- Created by: Endemol
- Starring: Zeca Camargo (Season 1) Glenda Kozlowski (Season 2–3)
- Country of origin: Brazil
- Original language: Portuguese
- No. of seasons: 3

Production
- Running time: 60 minutes

Original release
- Network: Rede Globo
- Release: April 14, 2002 – October 27, 2011

= Hipertensão =

Hipertensão is the Brazilian version of Fear Factor, which premiered April 14, 2002 on the Rede Globo television network.

The original Dutch version was called Now or Neverland. The show pits contestants against each other to complete a series of stunts better and/or quicker than all the other contestants, by doing this in the fastest time, for a grand prize.

The show was hosted by journalist Zeca Camargo in season 1 and was hosted by Glenda Kozlowski in seasons 2 and 3.

==Show Format==

===Season 1: Hipertensão===

The season 1 format involved three men and three women, who had to complete three professional stunts to win R$50,000. If a contestant was too scared to attempt a stunt, failed to complete a stunt, or (in some cases) had the worst performance on a stunt, it was eliminated from the competition.

===Season 2: Hipertensão X===

The season 2 format was similar to Fear Factor Extreme (FFX) instead of the original "three-stunt, one winner per episode" format used in the first season. Season 2 was consists of multiple sets of stunts and a set number of contestants over a period of weeks.

===Season 3: Hipertensão 2011===
It keeps the format of the second season. The third season of Hipertensão debuted in September 2011.

==Stunts==
The order of the stunts on a typical episode of Hipertensão is as follows:

===Stunt 1===
The first stunt was designed to physically test each of the contestants. Usually, the two men and the two women, or the three teams, that gave the best performance would move on to the second stunt.

===Stunt 2===
The second stunt was meant to mentally challenge the contestants. The three most common types of stunts in the second round were eating stunts, animal stunts, and retrieval stunts.
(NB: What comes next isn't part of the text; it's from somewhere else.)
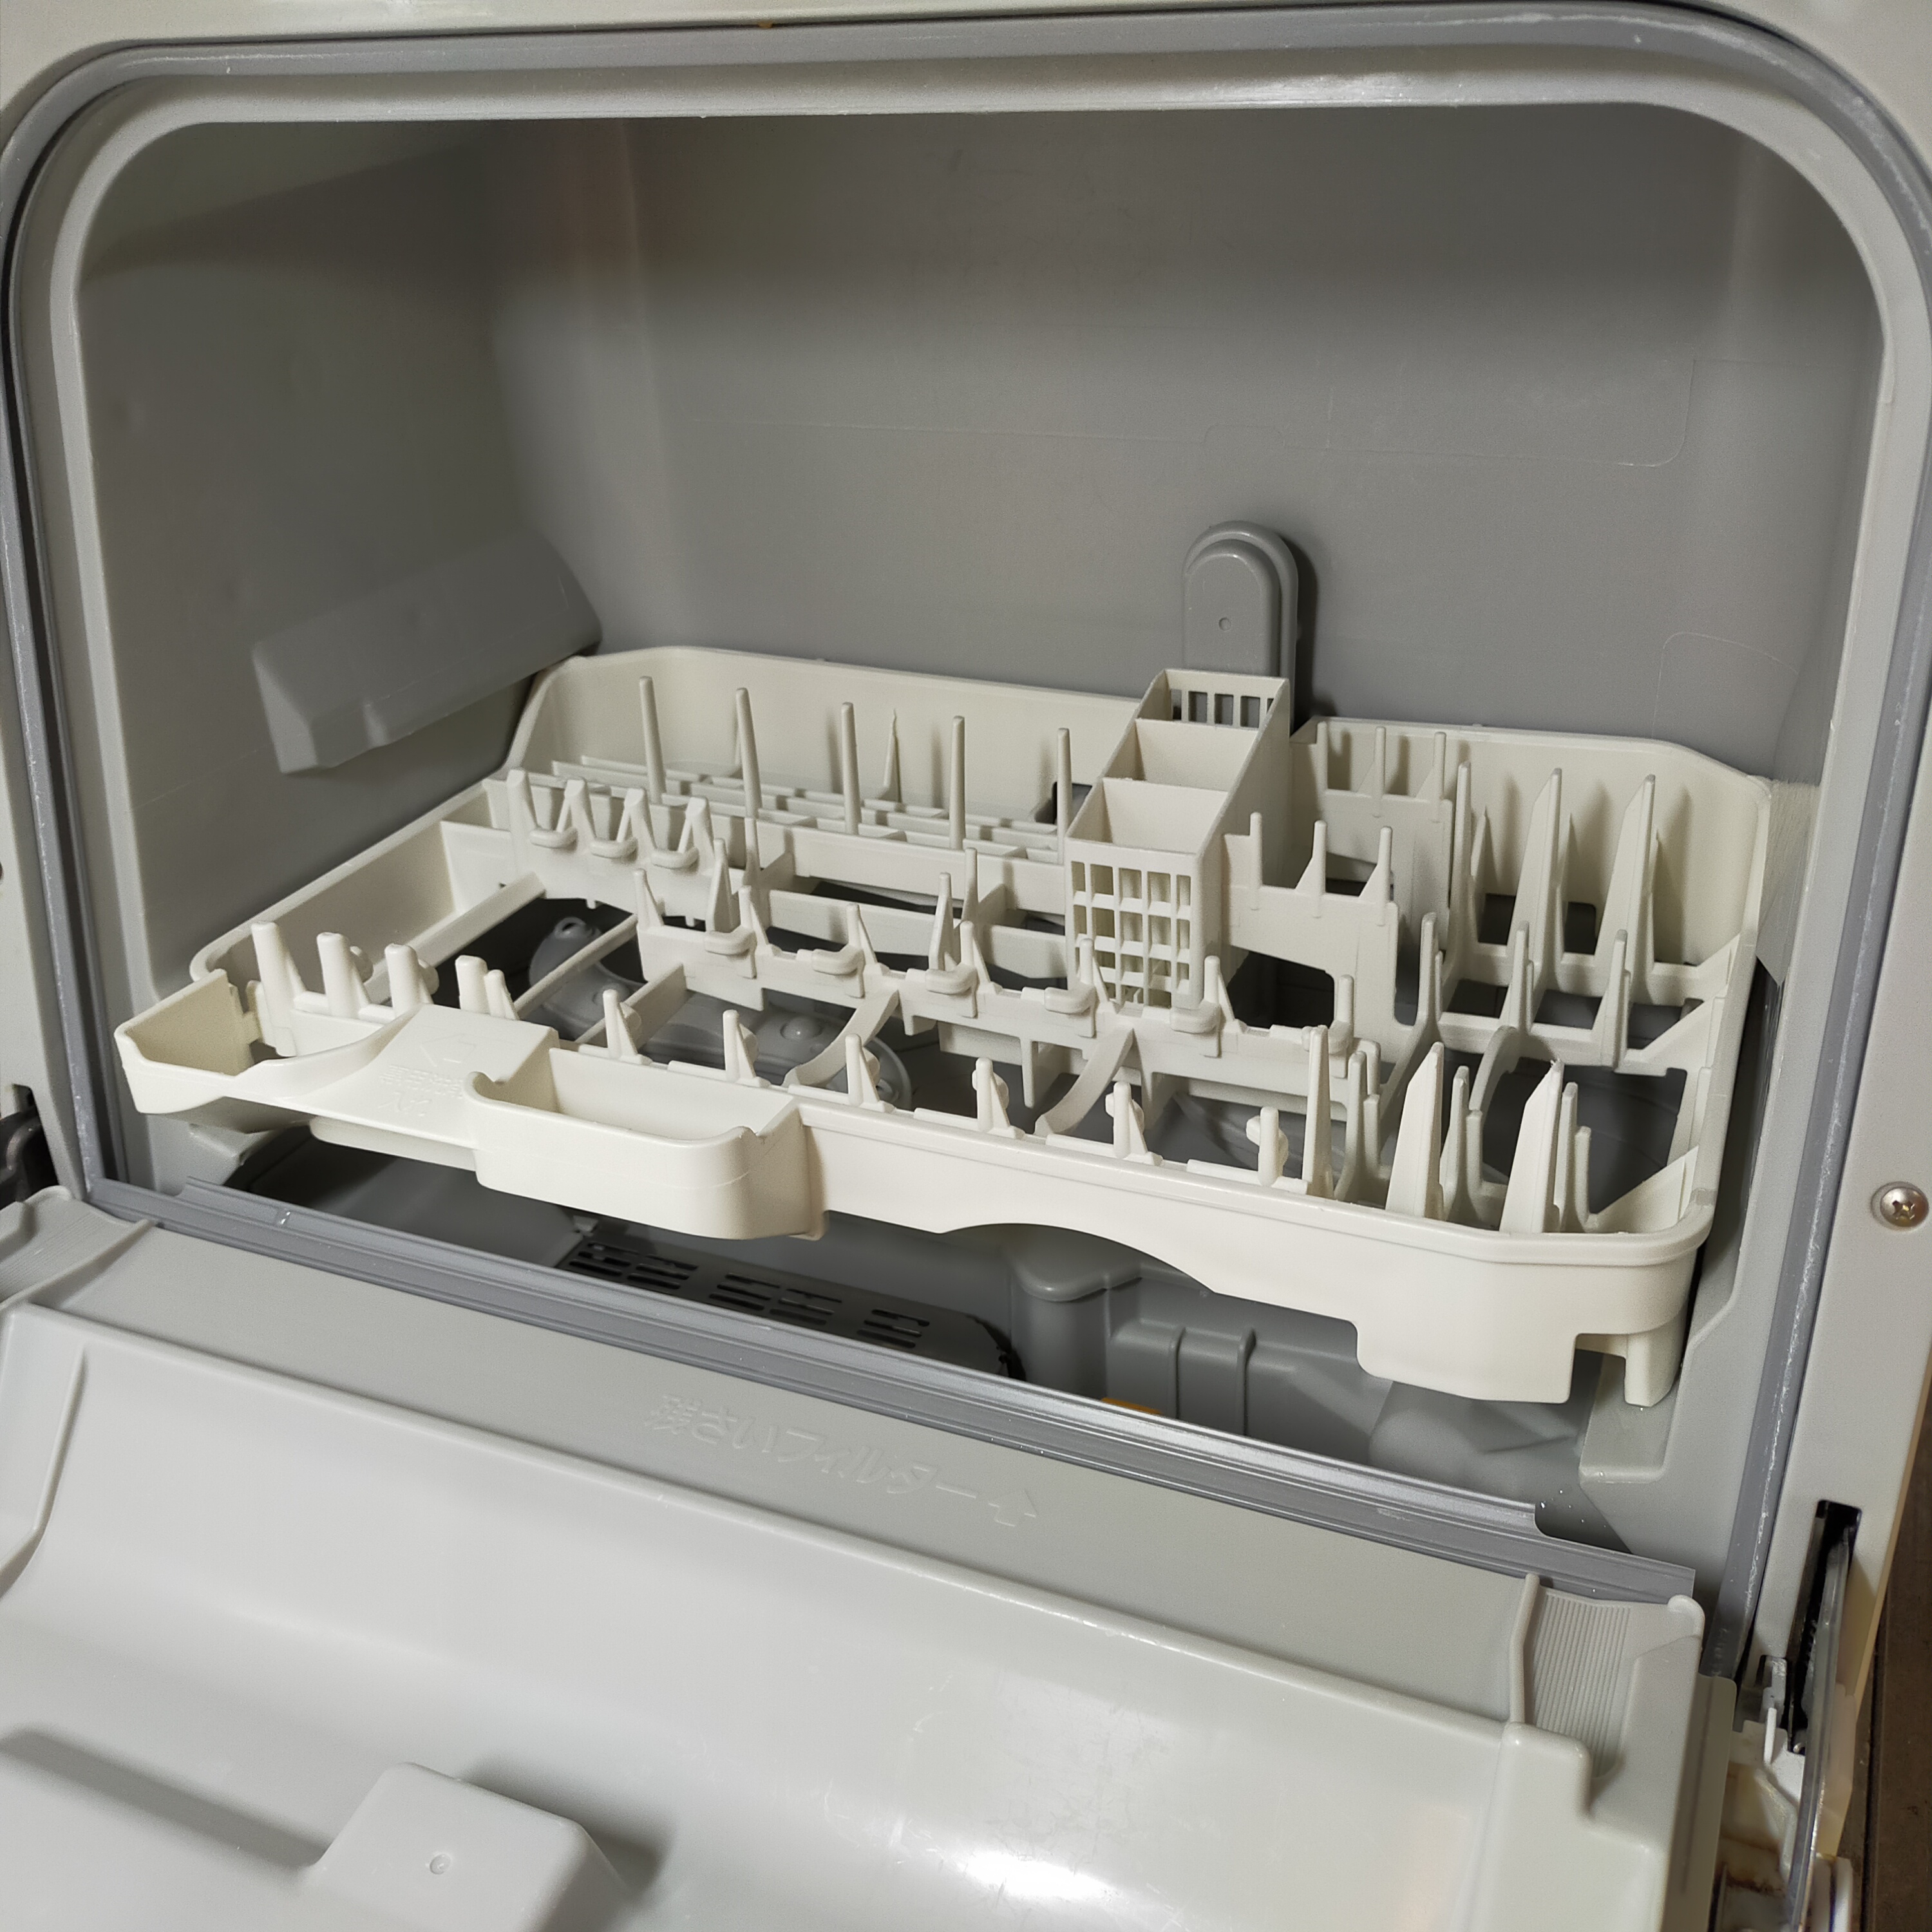 Panasonic(パナソニック) 食器洗い乾燥機 NP-TCR3-W(ホワイト)を使ったCHISa0さんのクチコミ画像2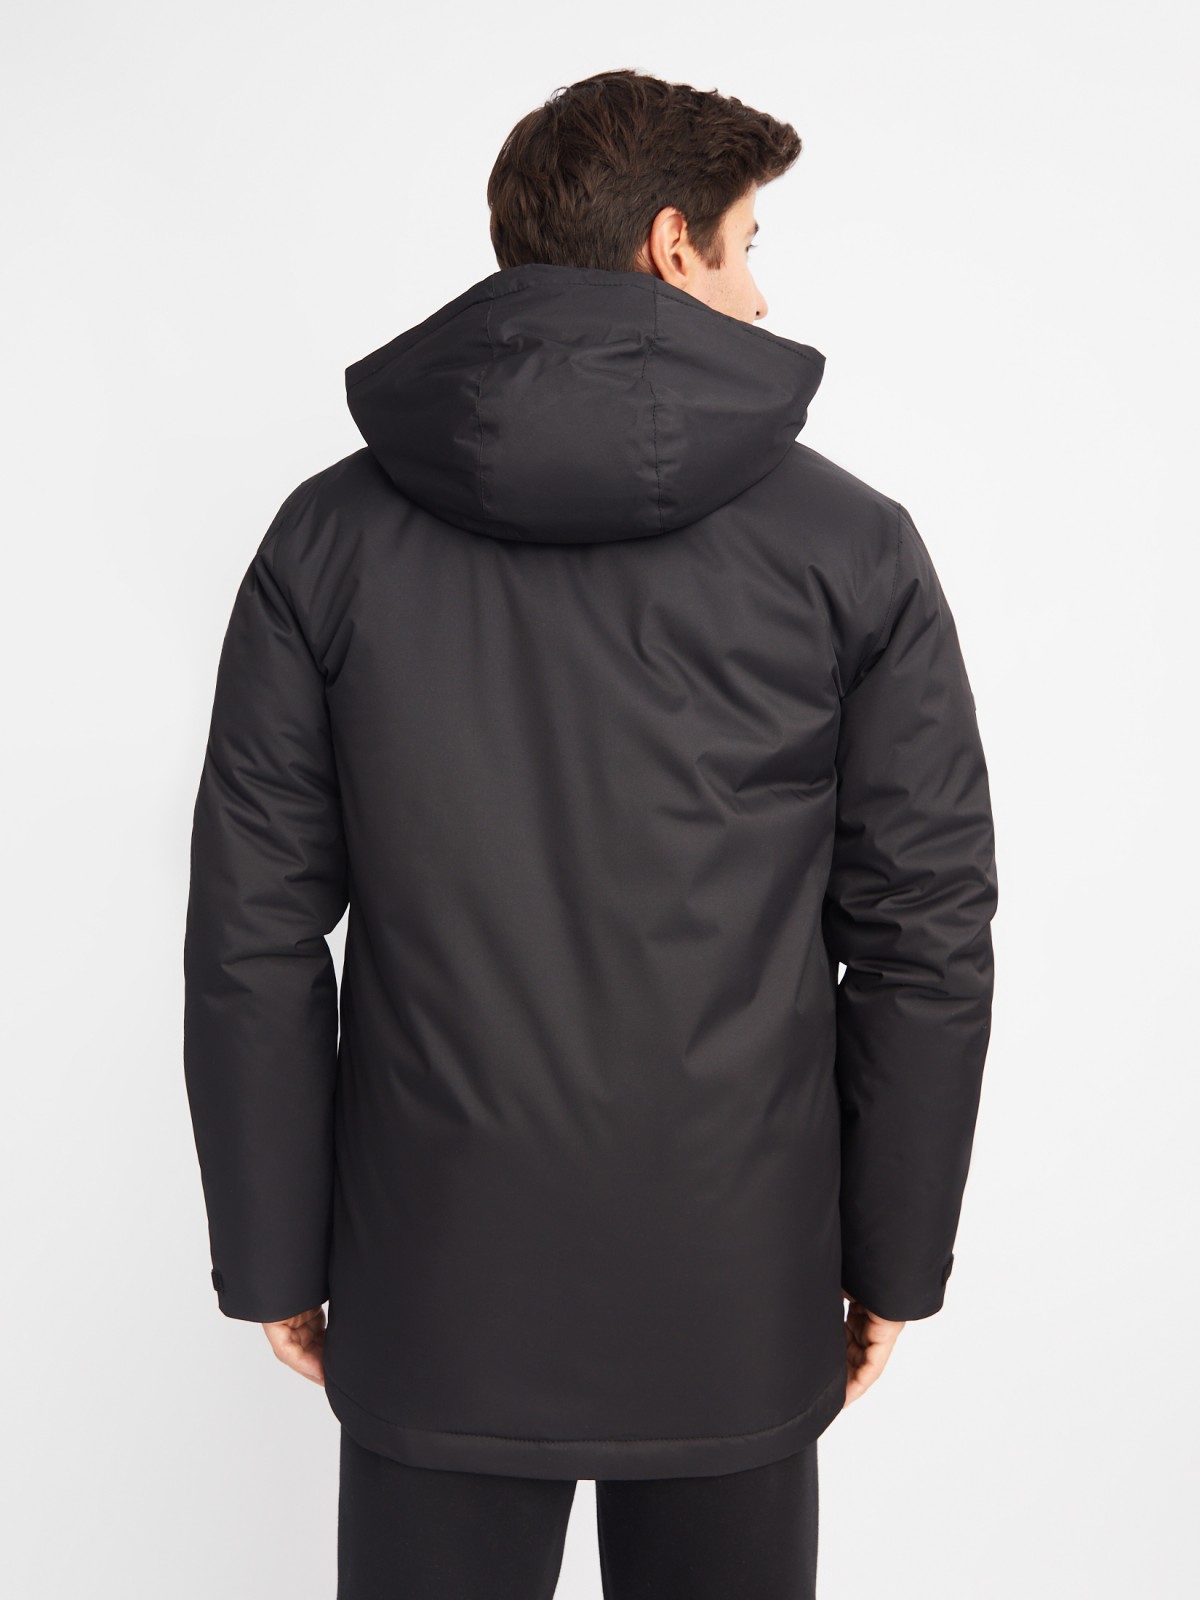 Тёплая куртка с капюшоном на синтепоне zolla 01412510L124, цвет черный, размер M - фото 6

Eating stunts entailed ingesting vile animal parts, live bugs, or a blended concoction of multiple gross items; animal stunts entailed immersing one's head or entire body in animals considered to be disgusting or intimidating (such as rats, snakes, or worms).

===Stunt 3===
The third and final stunt was usually something from an extreme type of stunt seen in an action film. Like the first stunt, it usually involved heights, water, vehicles, or some combination of the three. In order to avoid ties, this stunt was always competitive. The player with the best performance this round would win the grand prize (R$50,000 in season 1).

==Celebrity Special==

A special spin-off called Hipertensão: Celebrity Special aired a week after the season finale on Sunday, May 12, 2002 at 11:00PM.

This episode featured six celebrity contestants competing for charity. The winner would receive R$50,000 for their charity. In the end, volleyball player Tande came out as the winner.

===The Celebrities===

(ages stated at time of contest)

| Name | Age | Occupation |
|---|---|---|
| Carolina Dieckmann | 23 | Actress |
| Luciano Huck | 30 | TV Host |
| Janeth Arcain | 33 | Basketball Player |
| Marcos Pasquim | 32 | Actor |
| Tande | 32 | Volleyball Player |
| Xaiane Dantas | 27 | Big Brother 1 Housemate |

In Stunt 1, the contestants were hung at 100 feet in the air. and had to hit a moving target. In Stunt 2, the contestants had to separate with your hands as many belly white snakes, lying in a magazine with 10,000 worms in their legs and 5000 cockroaches in their heads. In Stunt 3, underwater, the contestants would have to leave as soon as possible in a padlocked cage, then swim to a buoy.